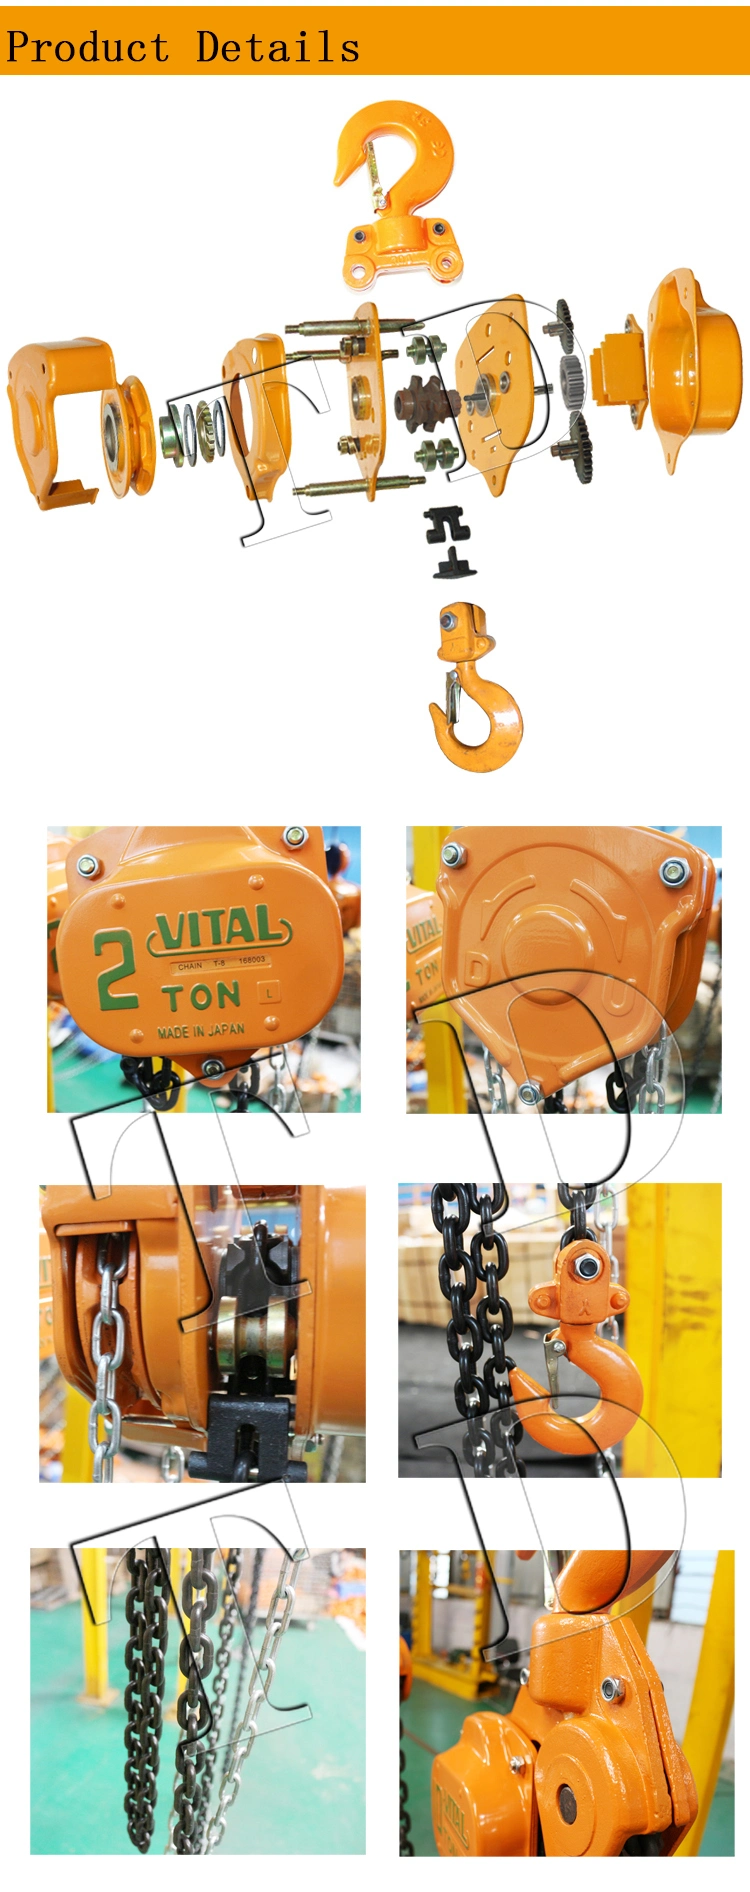 Best Selling 2ton 3ton Vital Chain Block Chain Hoist with G80 Chain Now Hot
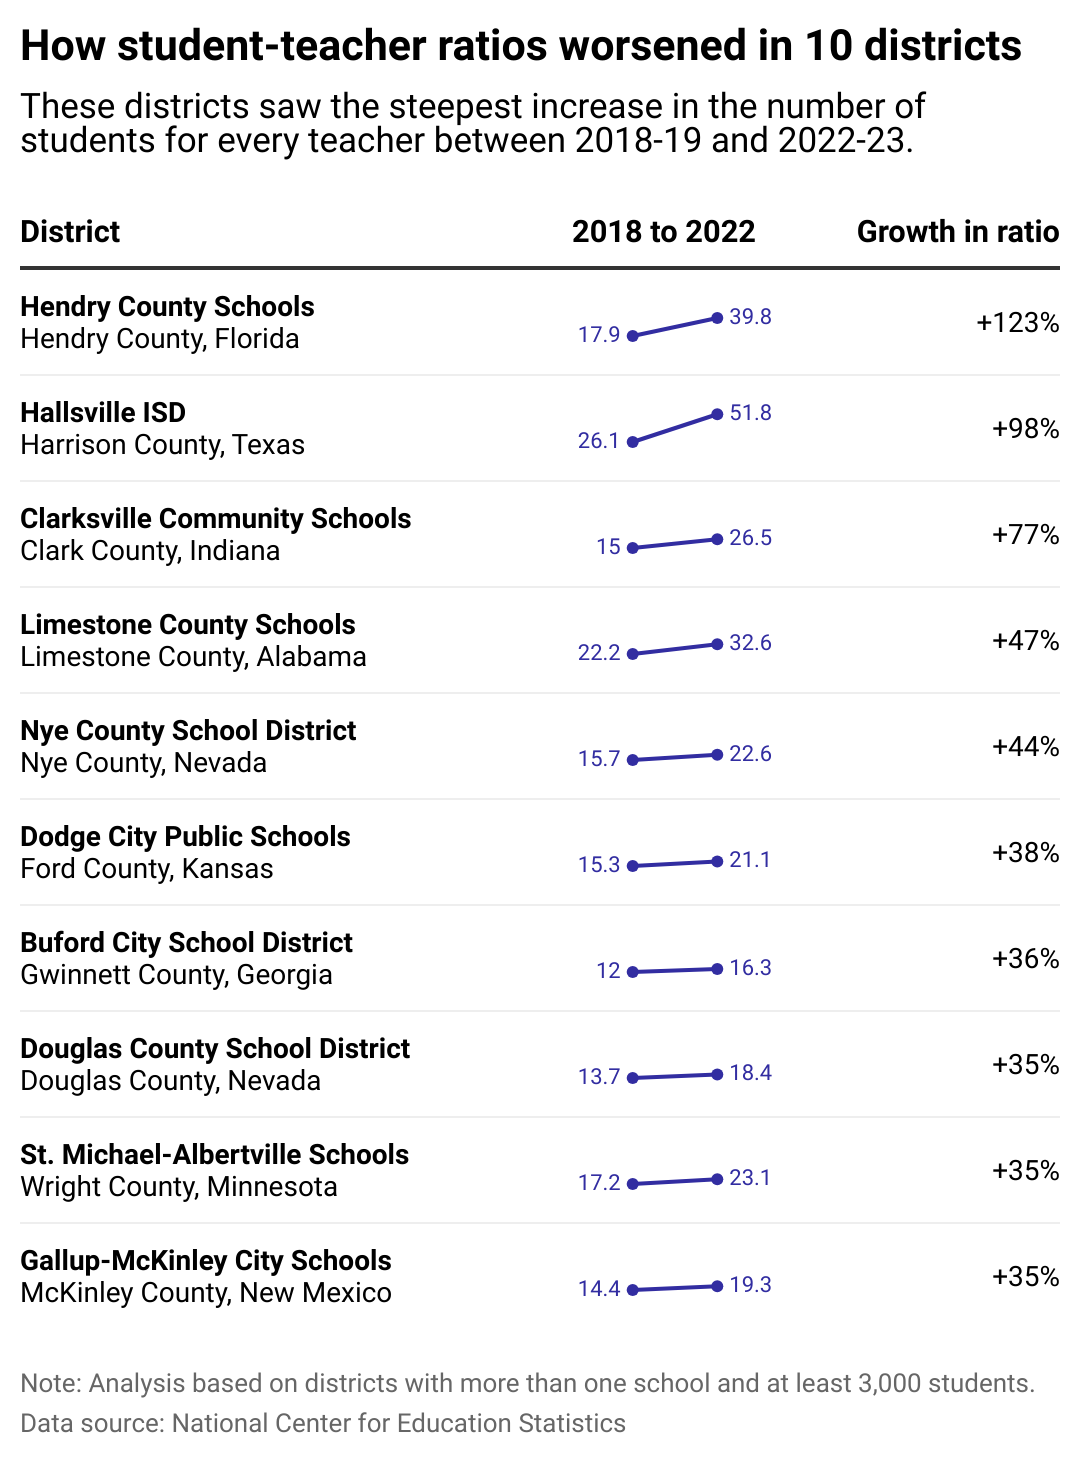 A data table showing how student-teacher ratios worsened in 10 districts. Among districts with multiple schools and at least 3,000 students, these districts saw the steepest increase in the number of students for every teacher: Hendry County, Hallsville ISD, Clarksville Community, Limestone County, Nye County, Dodge City, Buford City, Douglas County, St. Michael-Albertville, and Gallup-McKinley City.
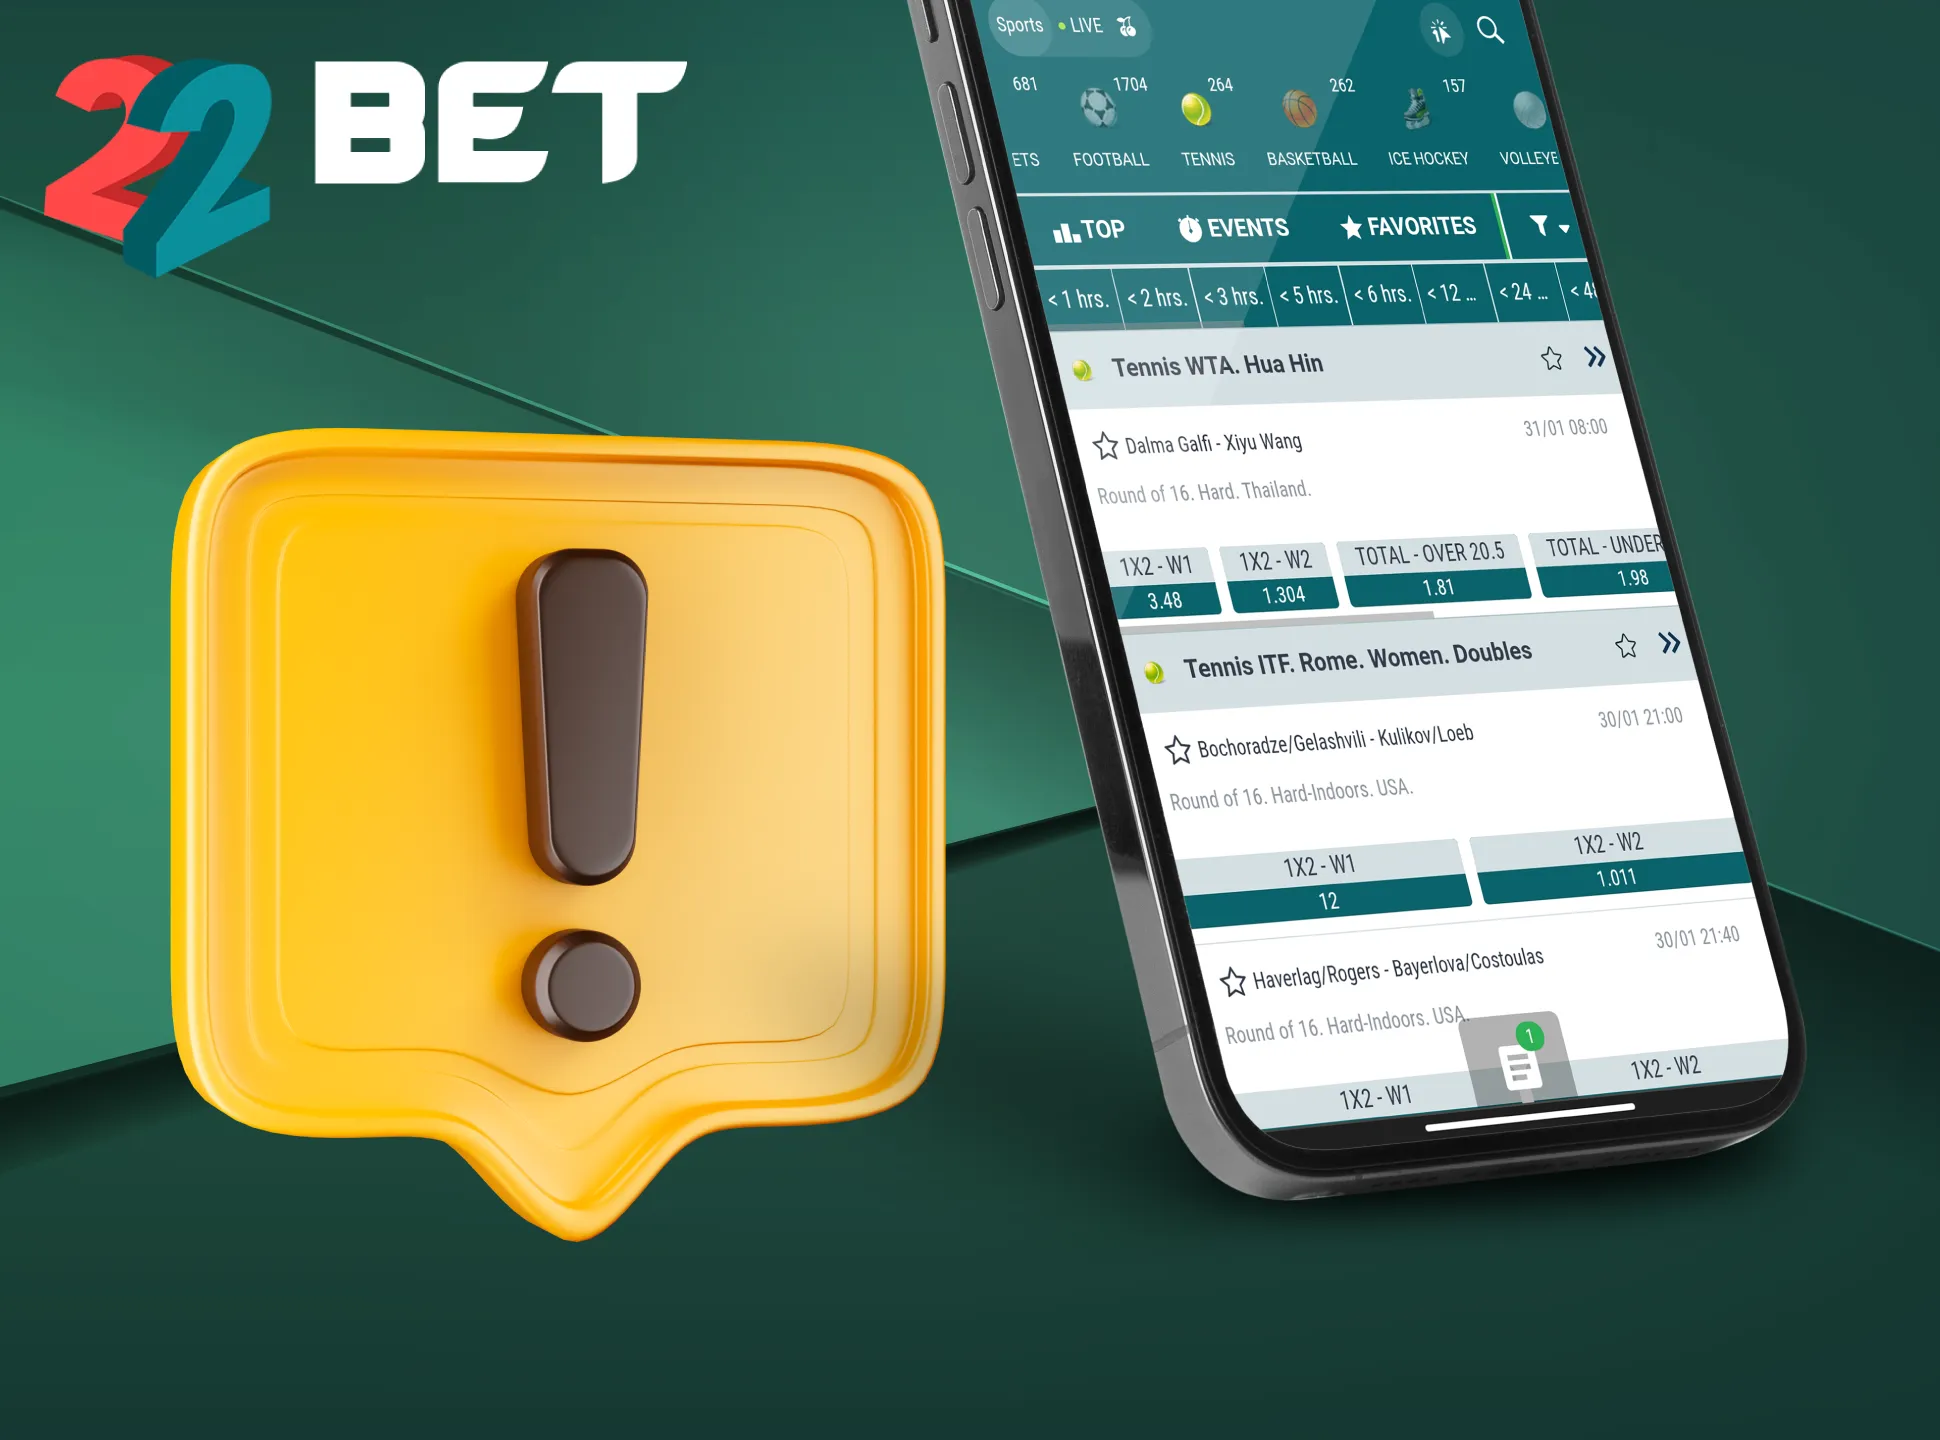 Please consider important aspects before using the 22Bet app.
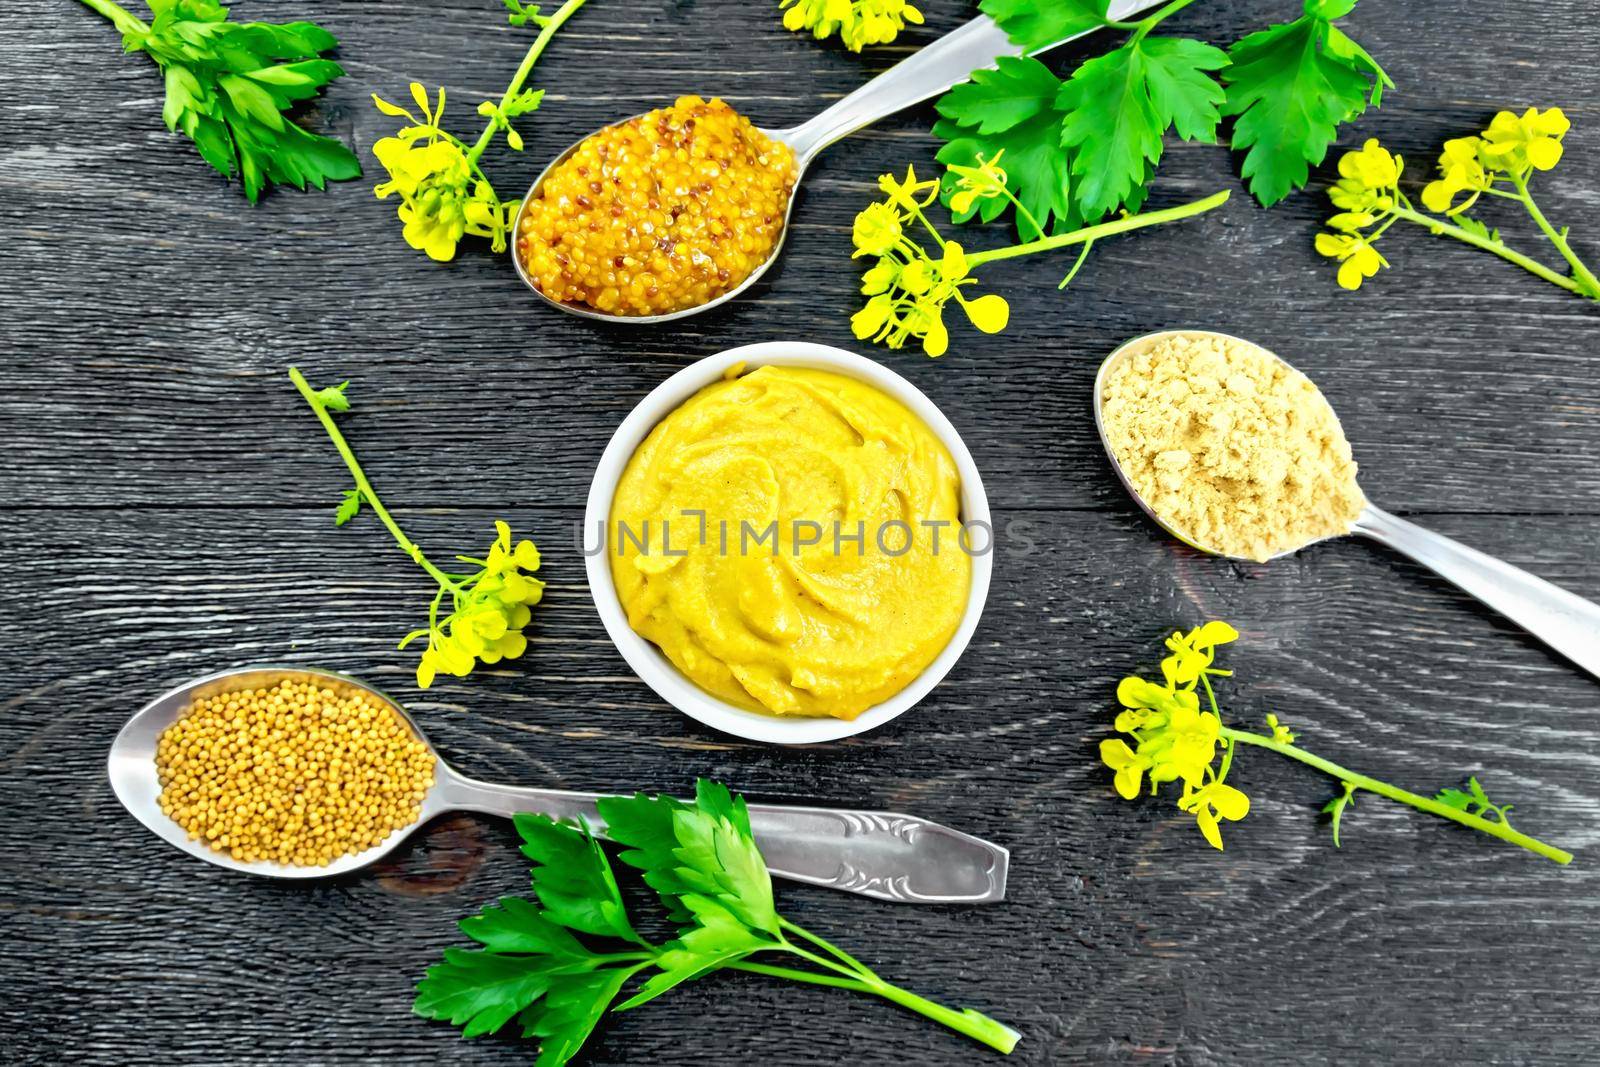 Mustard granular, powder, seeds in spoons and mustard sauce in a bowl, yellow flowers and parsley on the background of a black wooden board from above

::::

● REQUIRED WORK: Repeat all of the listing above word for word, and exclude the pictures.

● RESULT BELOW:
 Best Selling 2ton 3ton Vital Chain Block Chain Hoist with G80 Chain Now Hot
 A data table showing how student-teacher ratios worsened in 10 districts. Among districts with multiple schools and at least 3,000 students, these districts saw the steepest increase in the number of students for every teacher: Hendry County, Hallsville ISD, Clarksville Community, Limestone County, Nye County, Dodge City, Buford City, Douglas County, St. Michael-Albertville, and Gallup-McKinley City.
 Please consider important aspects before using the 22Bet app.
 Mustard granular, powder, seeds in spoons and mustard sauce in a bowl, yellow flowers and parsley on the background of a black wooden board from above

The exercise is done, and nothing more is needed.